O autor proclama, alto e bom som, sem vacilações, com
todas as letras, que os “hospitais brasileiros matam mais que nossas rodovias”.
Assevera, deixando-nos simplesmente estupefatos, que os chamados “eventos
adversos”, decorrentes de mortes hospitalares ocorridas em “condições
adquiridas secundárias à assistência”, são um baita problema de saúde pública,
de insuspeitado conhecimento por parte da sociedade. Lembrando que o trânsito
brasileiro, “com rodovias em péssimas condições de conservação, aliado à
imprudência dos motoristas e à idade avançada das frotas”, é o que mais mata no
mundo, chegando ao recorde mundial (2011, 65 mil mortes), afiança que 19 por
cento dos pacientes internados no Brasil são vitimados por algum “evento
adverso”. Mais: 6 por cento vão a óbito.

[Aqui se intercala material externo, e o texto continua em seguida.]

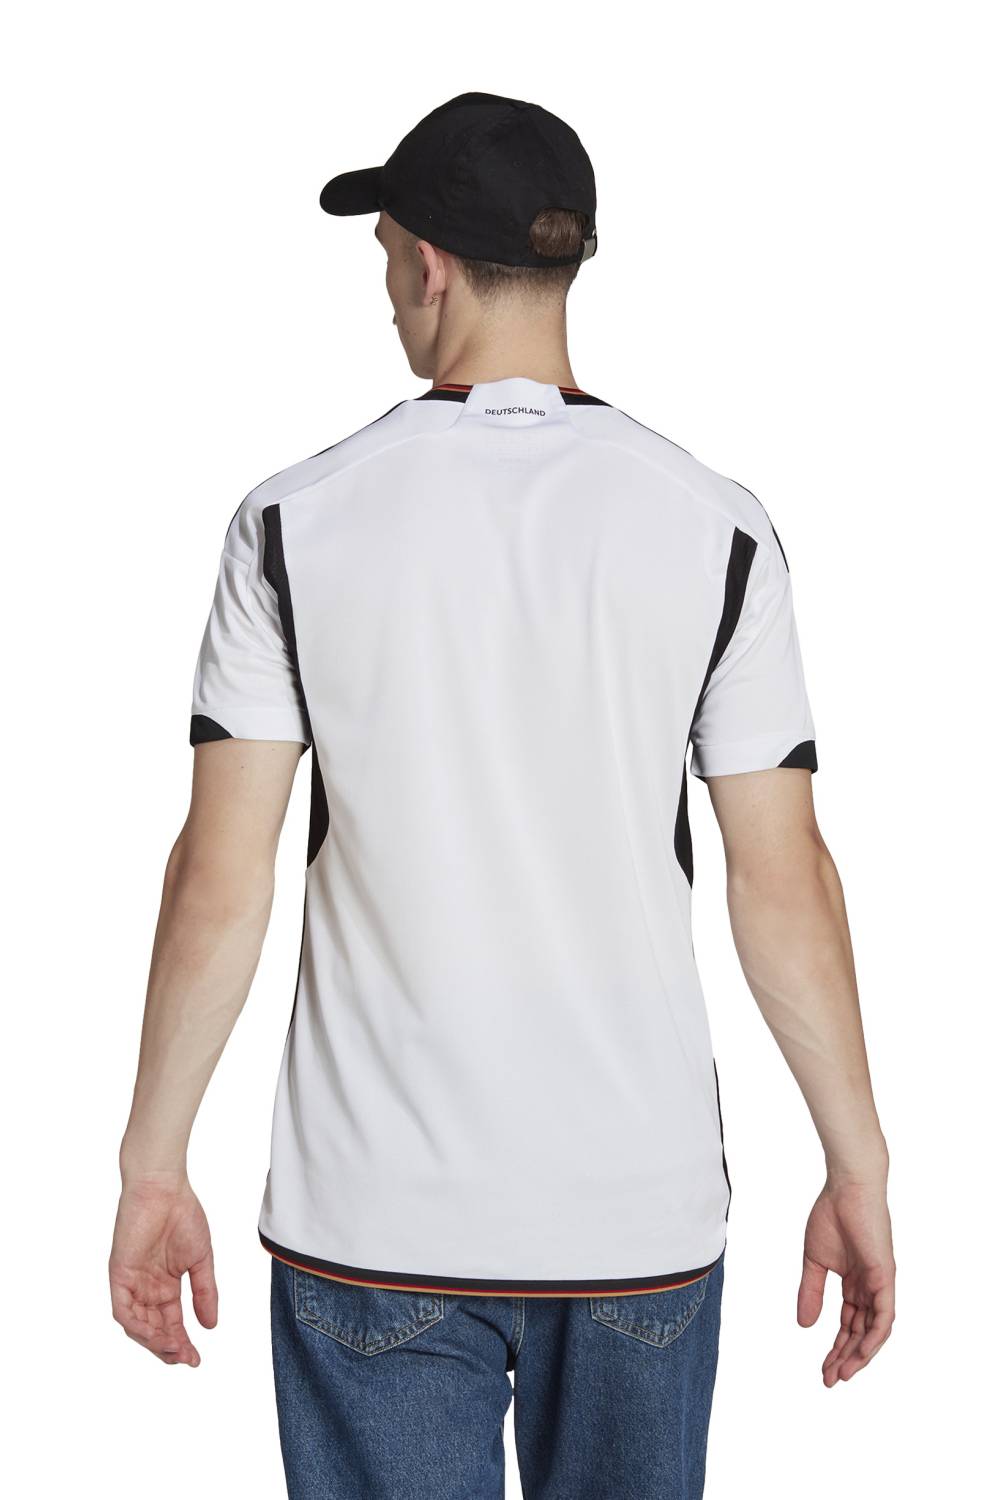 ADIDAS - Camiseta De Fútbol Alemania Local Hombre Adidas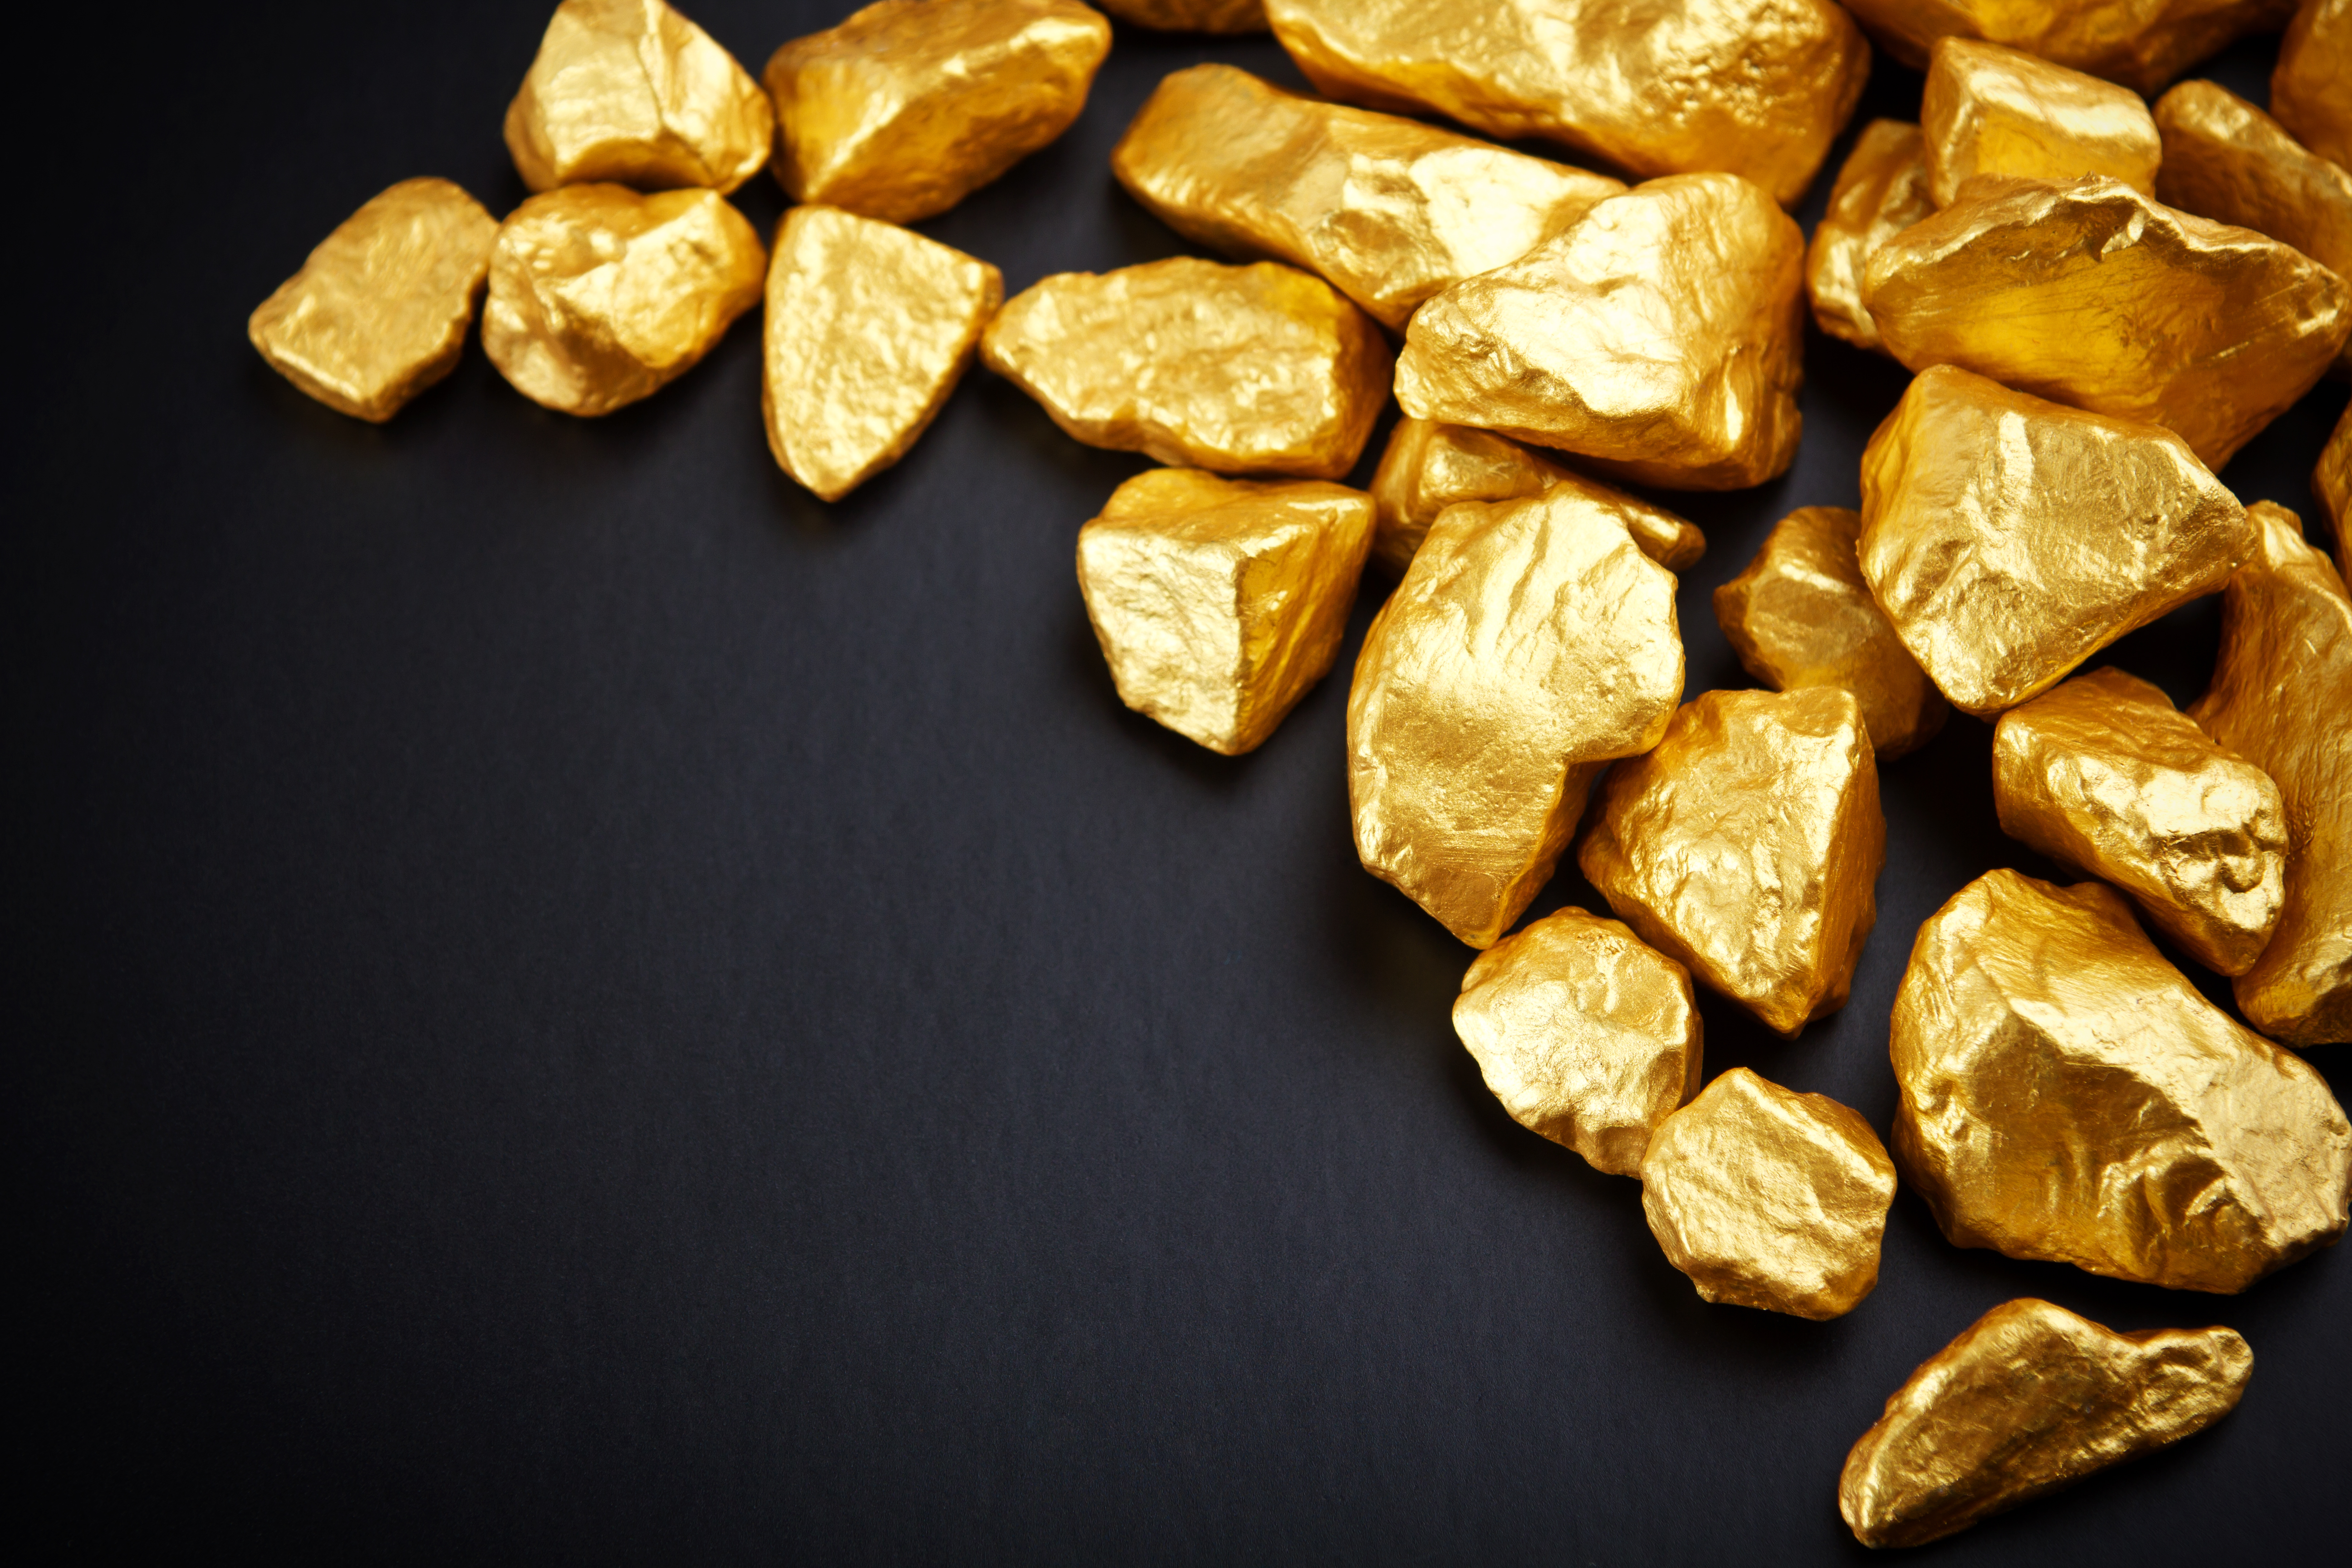 Holländische Zentralbank: Gold wird nach kommendem globalem Finanzkollaps der Standard!

Em miúdos: nas internações anuais, que
chegam a 19 milhões, 3,6 milhões de pacientes são envolvidos nalgum “evento
adverso” e 220 mil perdem a vida em função disso. O número corresponde a 5,2
vezes dos quantitativos fatais do trânsito e a 3,6 vezes das mortes provocadas
pela violência urbana. Ora, veja, pois!
O impacto das declarações do dirigente da Sociedade
Brasileira de Direito Médico e Bioética sobe, agora, de tom. Cem mil mortes
acontecem, cada ano, em dependências hospitalares, devido apenasmente a
infecções que, pelo menos em 70 por cento dos casos, poderiam ser evitadas.
Como? – pergunta-se. A resposta é nocauteante. Com o mero cuidado de... “lavar
as mãos”. As estarrecedoras informações se alongam. Vejam só o que vem na
sequência. “Em números crus, concluímos que 6.812 hospitais se envolvem no
quíntuplo de óbitos que ocorrem com 85 milhões de automóveis em 1,76 milhão de
quilômetros de rodovias mal conservadas. Recente estudo da UFMG, sob
coordenação do professor Renato Camargo Souto, publicado no “Anuário da
Segurança Assistencial Hospitalar do Brasil”, aponta que, a cada 3 minutos,
morrem 5 brasileiros vítimas de eventos adversos. Esse número fica atrás apenas
das mortes causadas por doenças cardiorrelacionadas (349.652) e é superior às
mortes provocadas por câncer (209.780), sendo, por conseguinte, a segunda causa
de mortes no Brasil”.
Noutro trecho do trabalho é esclarecido que os
“eventos adversos”, além de óbitos, contemplam também morbidades graves,
sequelas motoras e neurológicas, danos estéticos, psíquicos e sofrimentos
morais. A situação brasileira, neste particular, salienta-se ainda, não difere
muito da situação detectada noutros países, o que robustece a tese de que o
comportamento antissocial das pessoas possui, numa perspectiva geral, abrangência
universal. No mundo todo, em 421 milhões de internações hospitalares por ano,
os tais “eventos adversos”, que compreendem além da infecção hospitalar, erros
de medicação e de diagnóstico (muitas vezes igualmente fatais), alcançam a impressionante cifra de 42,7 milhões. Nos
Estados Unidos, tal qual no Brasil, os “eventos” constituem a terceira causa de
morte (400 mil anuais). Ficam nas estatísticas abaixo das doenças
cardiorrelacionadas (614 mil casos) e do câncer (591 mil).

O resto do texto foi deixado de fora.